What Is an A/B Test?
An A/B test (also called a split test or controlled experiment) is a randomised experiment where you expose two groups of users to different versions of an experience — a control (A) and a variant (B) — and measure which performs better on a predefined metric.
The Five Steps of a Good Experiment
1. Define Your Hypothesis
A good hypothesis has three parts: observation, proposed change, and expected outcome.
Example: “Because our pricing page has too much text, simplifying it to three bullet points per tier will increase free-to-paid conversion by 15%.“
2. Choose Your Primary Metric
Pick one metric that your test is designed to move. Having multiple primary metrics increases your false positive rate. Secondary metrics are fine to monitor, but shouldn’t drive the decision.
3. Calculate Sample Size
Before running your test, calculate how many users you need per variant to detect your minimum detectable effect (MDE) at your desired statistical power (typically 80%) and significance level (typically 95%).
Running tests before reaching sample size is the single most common mistake teams make.
4. Run the Test
Expose users to variants randomly. Do not look at results until you’ve hit your sample size — this is called “peeking” and inflates false positive rates significantly.

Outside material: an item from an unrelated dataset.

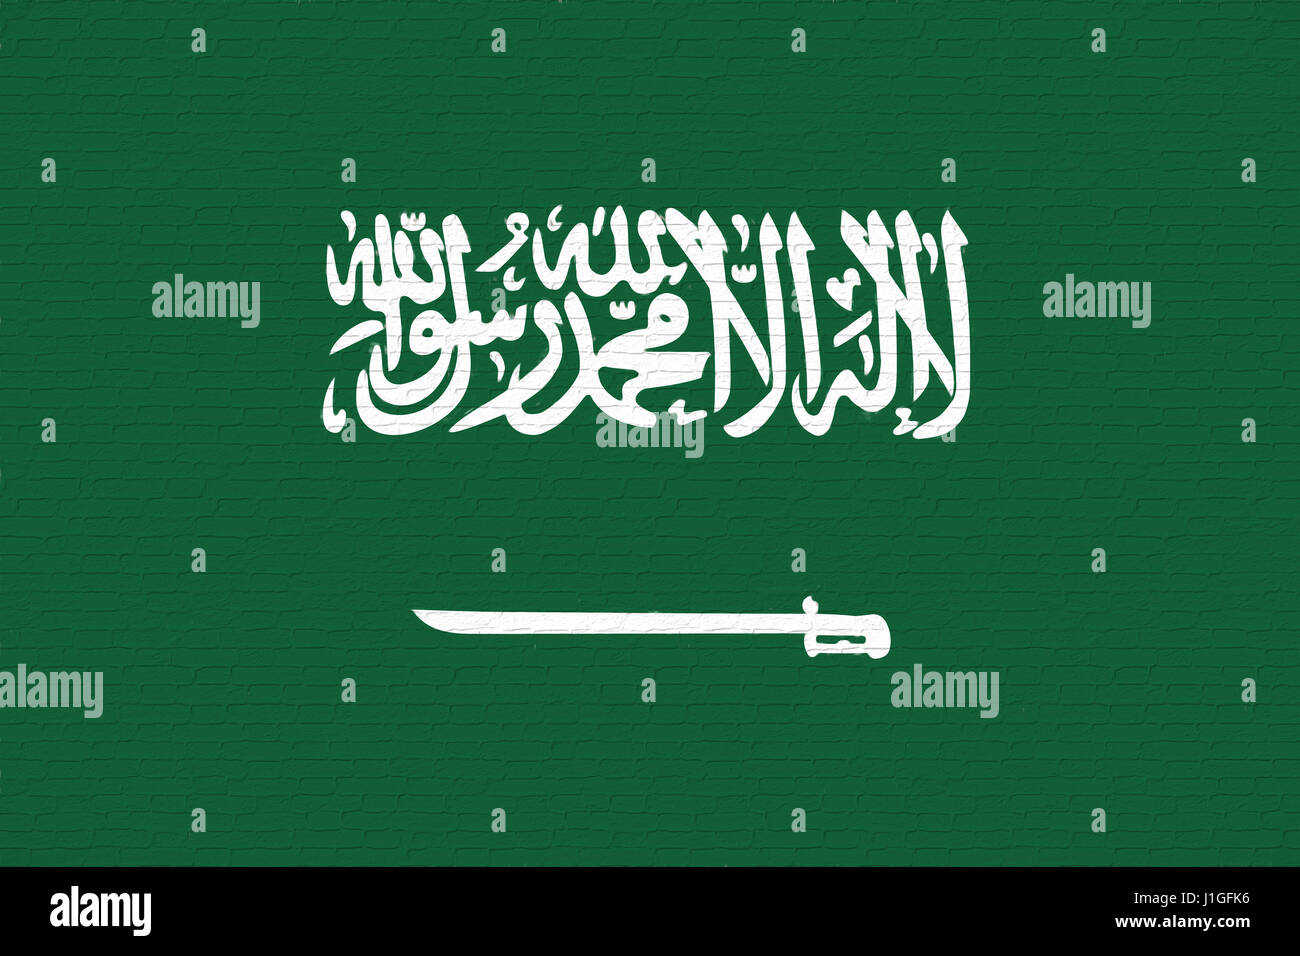 Ilustración de la bandera de Arabia Saudita busca como se ha pintado en la pared. Foto de stock

5. Interpret Results Correctly
Statistical significance does not mean practical significance. A result can be statistically significant (p < 0.05) but so small it doesn’t matter for your business. Always look at the effect size alongside the p-value.
Common Mistakes to Avoid
- Stopping early when you see a positive result
- Running tests too long (introduces time-of-week effects)
- Testing multiple things at once in a single variant
- Not segmenting results by device type, user plan, or acquisition source
- Ignoring novelty effects — new features often get a short-term lift that fades
Bayesian vs. Frequentist Testing
Most teams use frequentist testing (p-values, confidence intervals). Bayesian testing is increasingly popular because it lets you incorporate prior knowledge and gives more intuitive output (“there’s a 94% probability that B beats A”).
For most product teams, the choice of method matters less than the discipline of running tests correctly.